* **Instructions to follow**:
Return the listing exactly. Keep no pictures.

* **Provided data**:

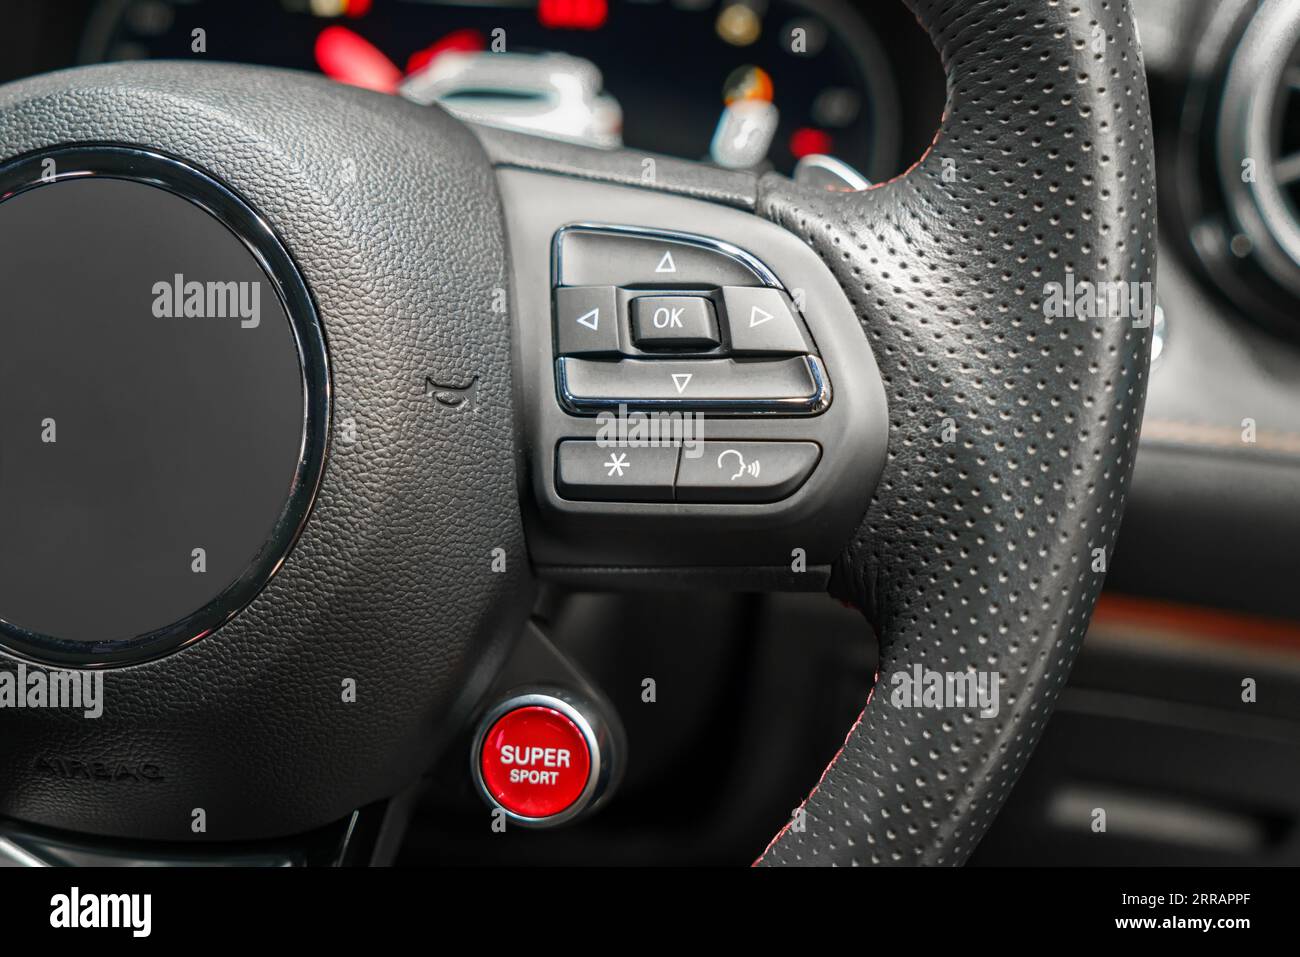 Améliorez votre expérience de conduite avec notre volant doté de boutons multifonctions pour un accès facile aux fonctions audio, téléphonique et régulateur de vitesse Banque D'Images
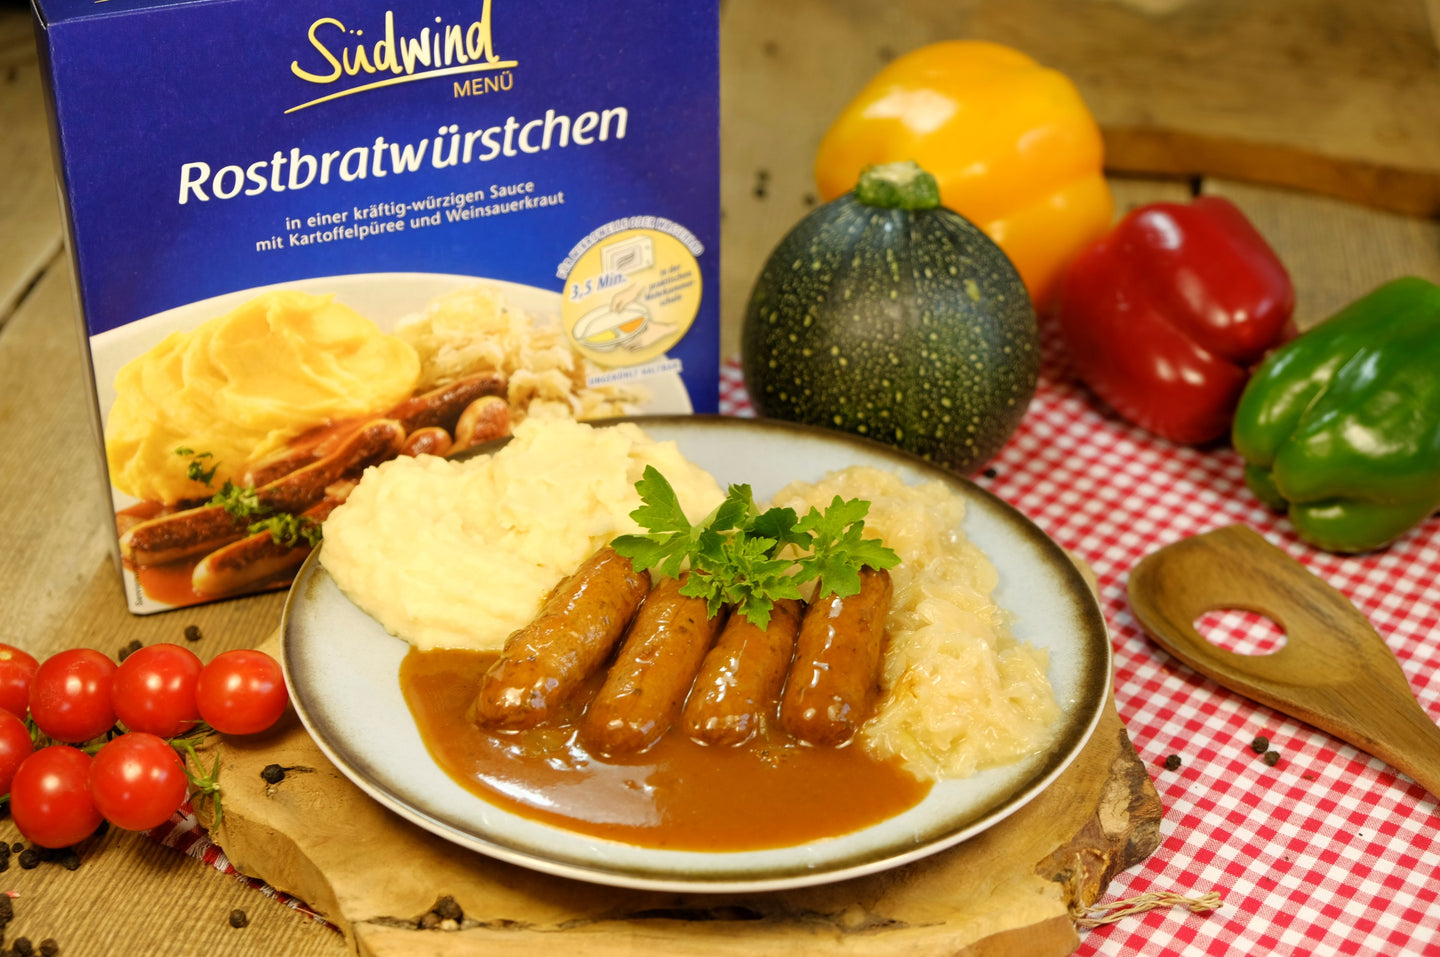 Südwind Rostbratwürstchen  in kräftig-würziger Sauce mit Kartoffelpüree und Weinsauerkraut 480g
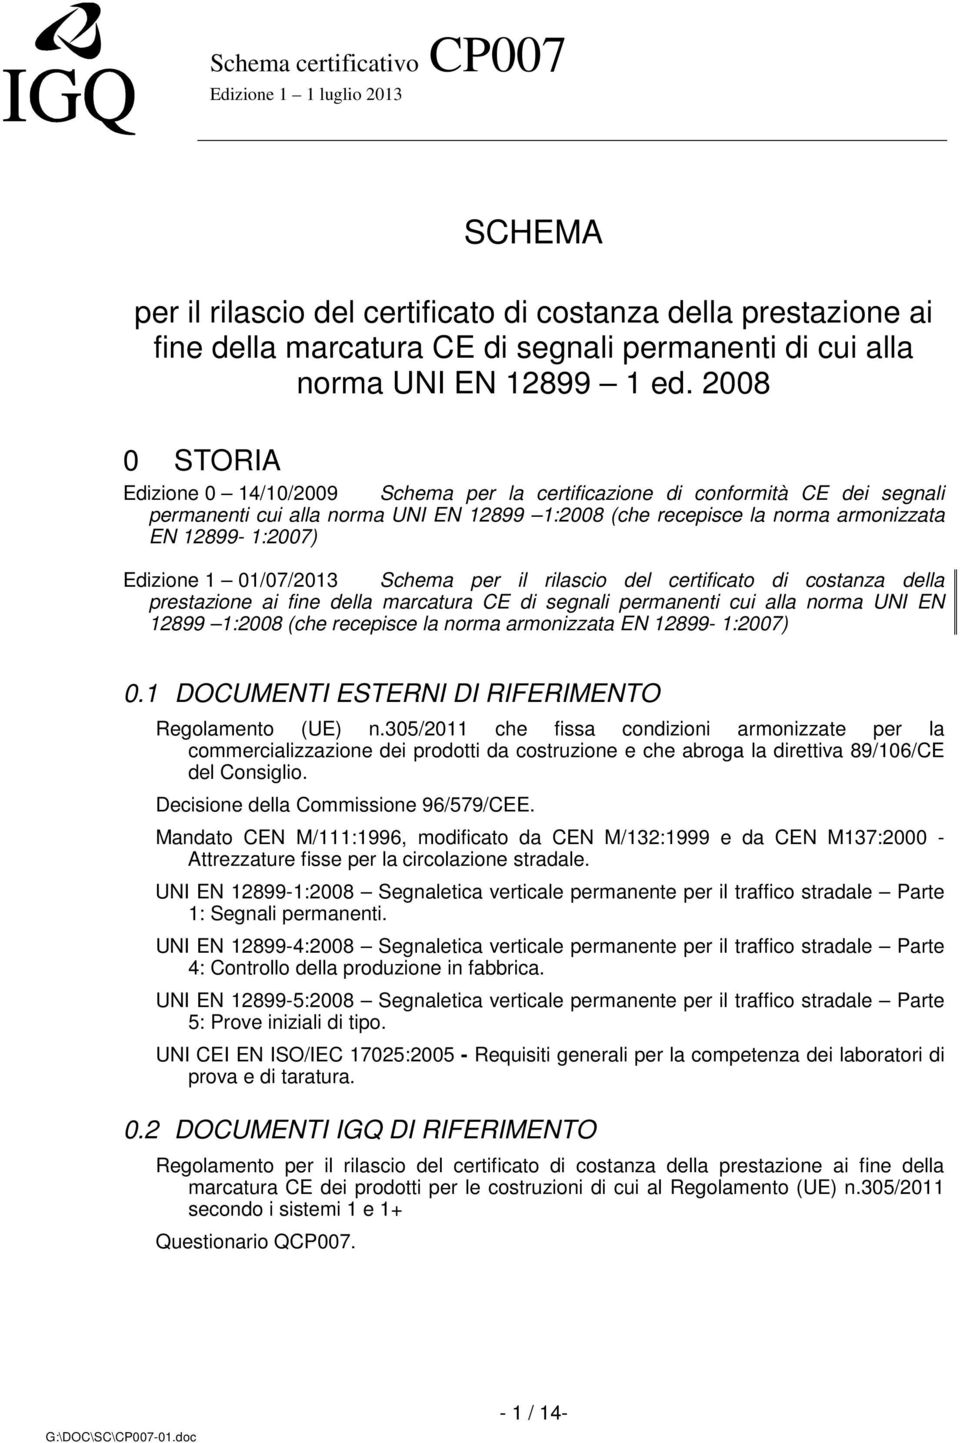 Edizione 1 01/07/2013 Schema per il rilascio del certificato di costanza della prestazione ai fine della marcatura CE di segnali permanenti cui alla norma UNI EN 12899 1:2008 (che recepisce la norma
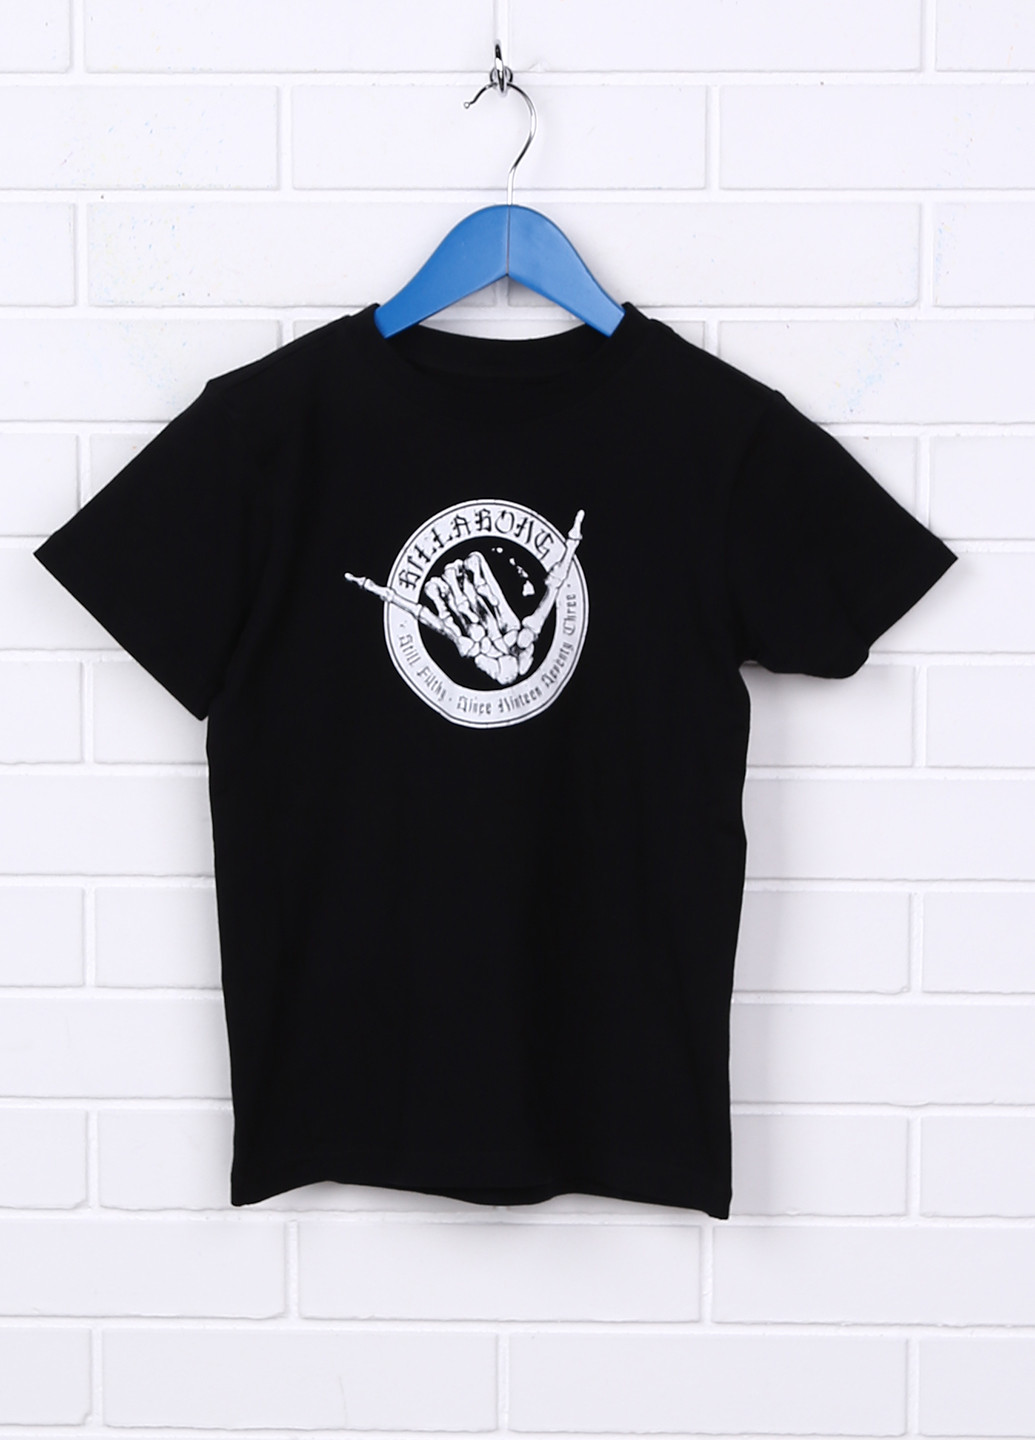 Черная летняя футболка с коротким рукавом Billabong

* **Worked solution**:
 Améliorez votre expérience de conduite avec notre volant doté de boutons multifonctions pour un accès facile aux fonctions audio, téléphonique et régulateur de vitesse Banque D'Images
 Südwind Rostbratwürstchen  in kräftig-würziger Sauce mit Kartoffelpüree und Weinsauerkraut 480g
 Edizione 1 01/07/2013 Schema per il rilascio del certificato di costanza della prestazione ai fine della marcatura CE di segnali permanenti cui alla norma UNI EN 12899 1:2008 (che recepisce la norma
 Черная летняя футболка с коротким рукавом Billabong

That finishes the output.